Soo-- go out and buy somea them 25-gauge needles, read Dr. Eaton's tutorial and "just do it." :-)

http://www.handcenter.org/dupchapter/NAmanual2009.pdf

09/16/2009 16:22
jimh 
09/16/2009 16:22
jimh 
Re: Think Xiaflex is safe? Read this

Auxilium knows all about NA. In their press releases, they're playing fast and loose with the facts when they say surgery is the only alternative - it's not clear whether they're pretending NA doesn't exist, or calling it "surgery". They've spent a ton of money getting this far and they're launching a marketing blitz in hopes of making it back in a hurry. Initially, they're talking about a very high price for Xiaflex but I question whether they'll be able to get it. In the real world they have to compete with NA which is becoming increasing available. Let's hope the result is that the price of Xiaflex comes down rather than the price of NA going up.

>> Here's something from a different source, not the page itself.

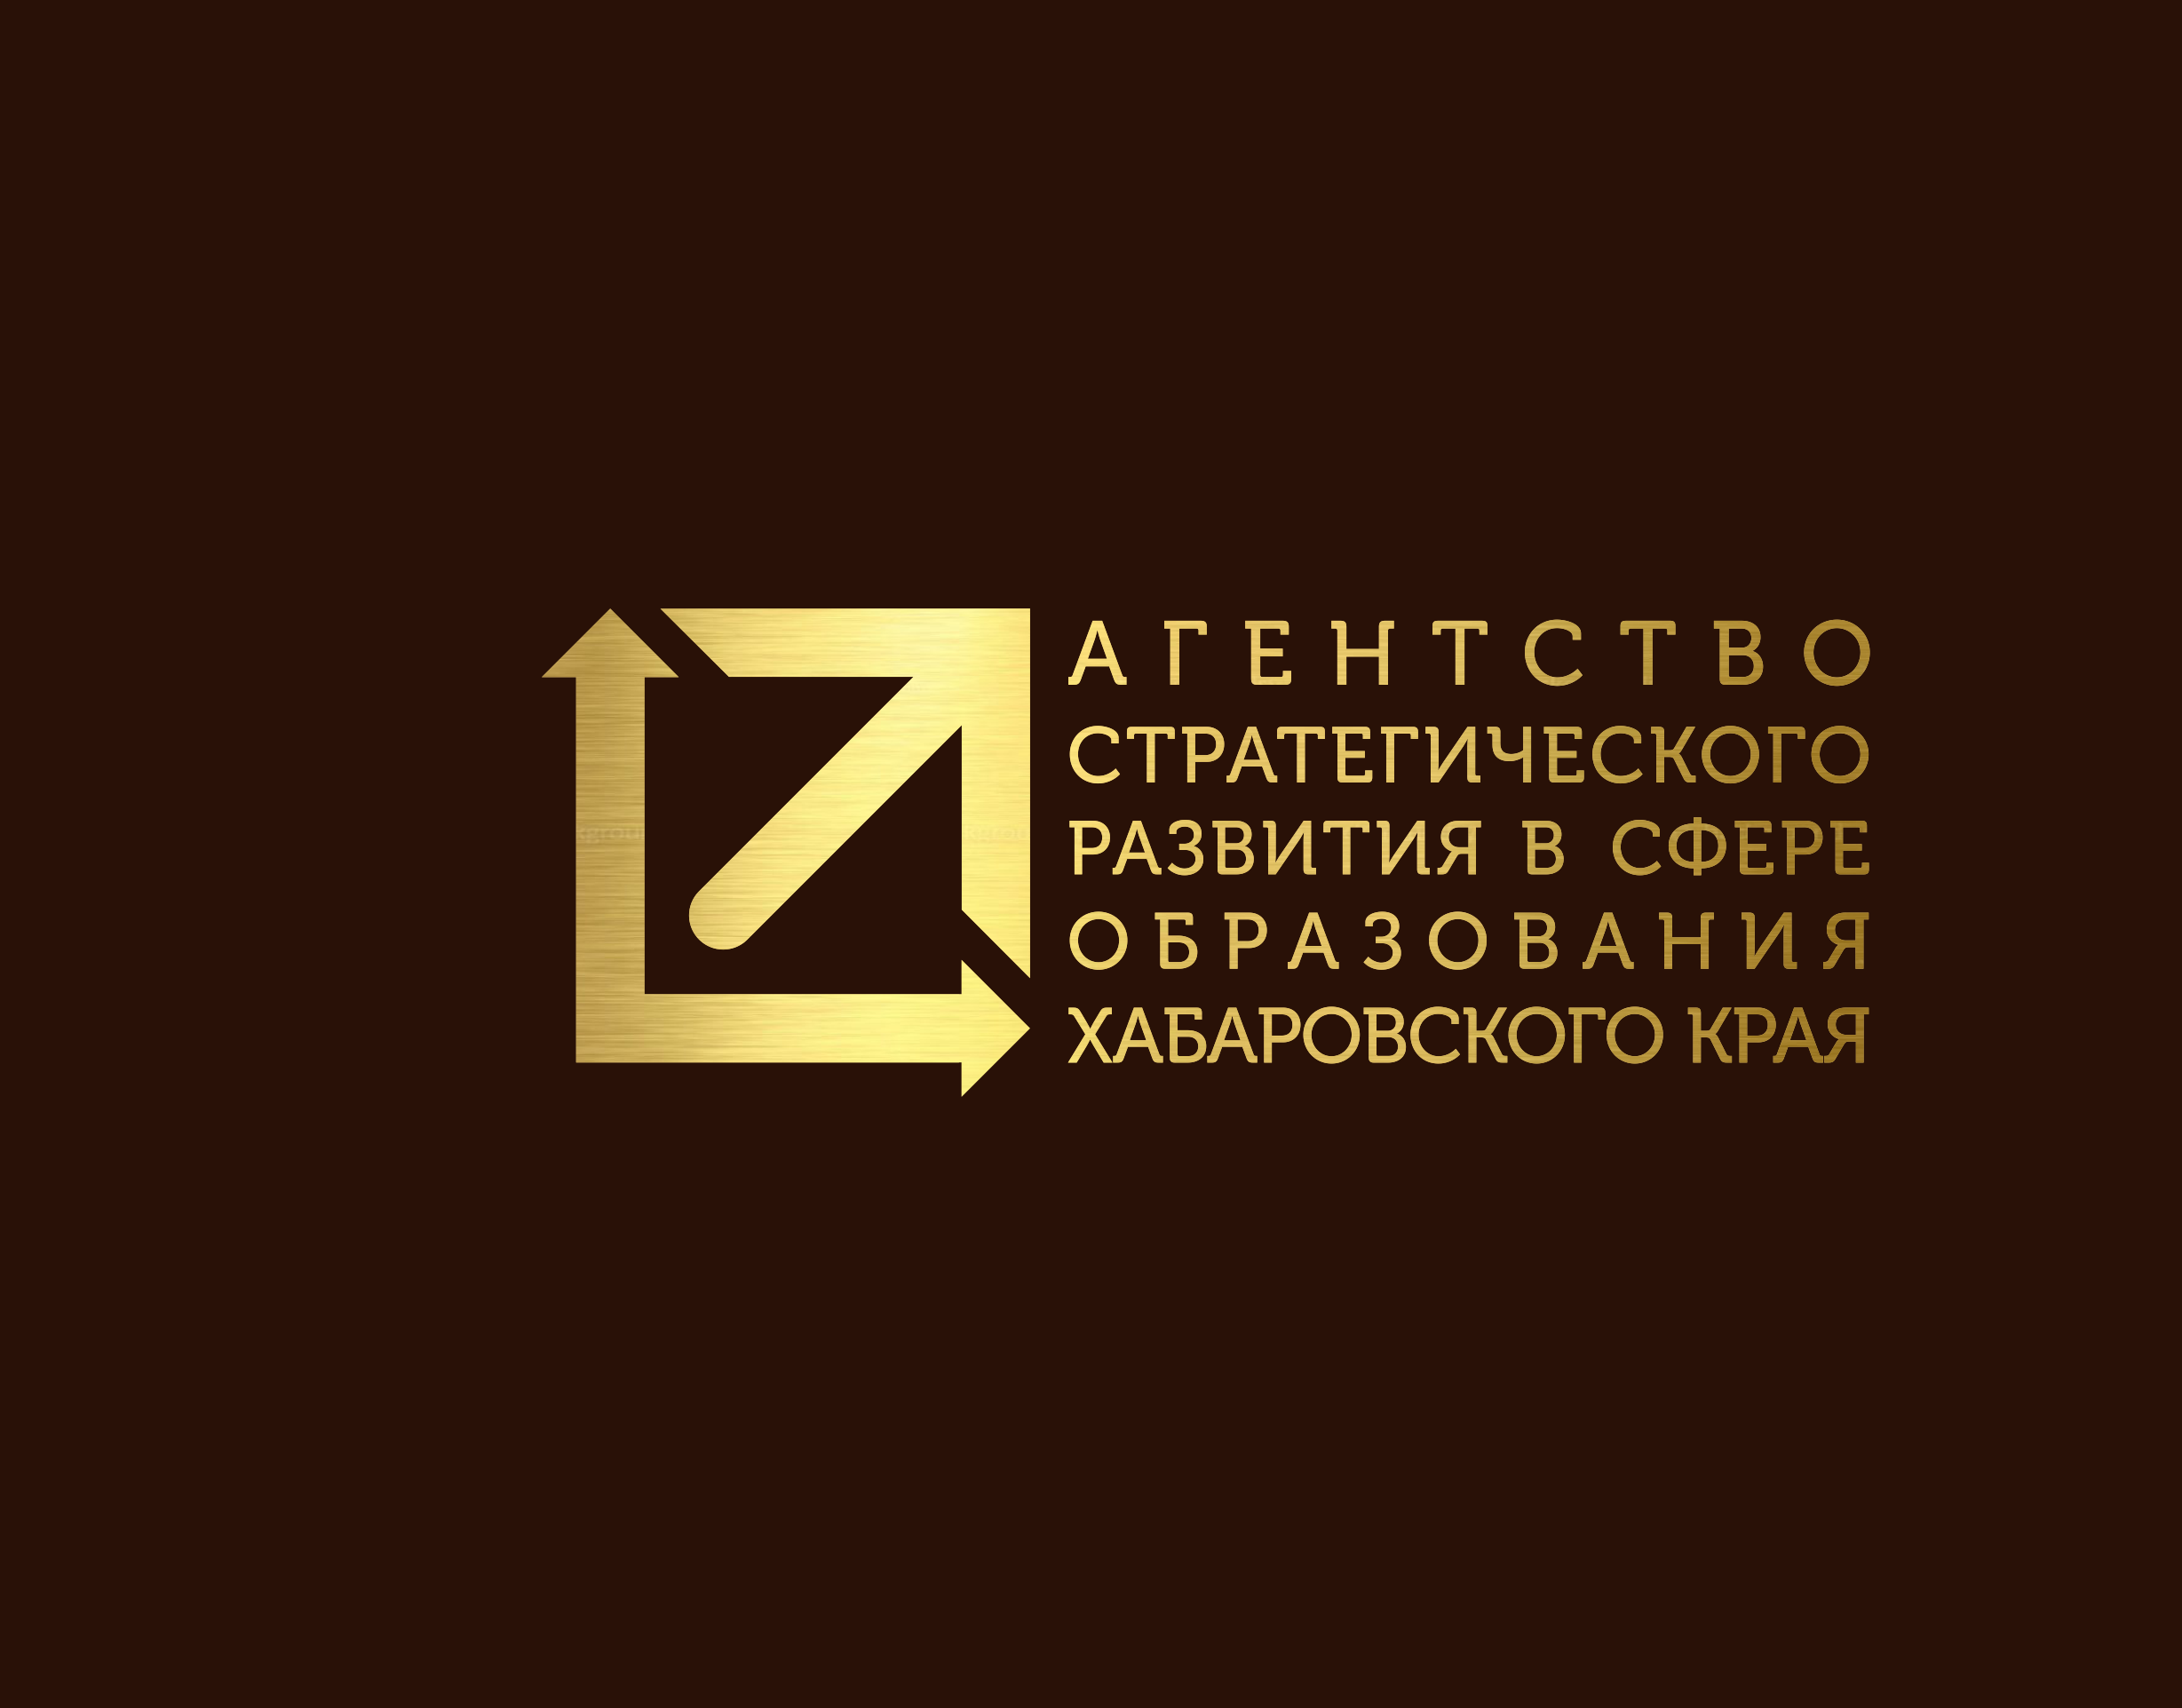 Сайт хк иро хабаровск. Агентство стратегического развития. Центр агентство стратегического развития логотип.

NA is just the latest way to sever the cords. Years ago, hand surgeons did "fasciotomy" (cutting the cord) instead of "fasciectomy" (removing all the bad tissue) using conventional instruments and making a fairly large incision. Over time they became convinced that the recurrence rate was too high, and the accumulation of scar tissue made it hard to repeat the process. But today's conventional surgery is an enormous hassle for the patient, requiring months of healing and therapy. Minimally invasive techniques like NA and Xiaflex require no recovery and are more or less easily repeatable.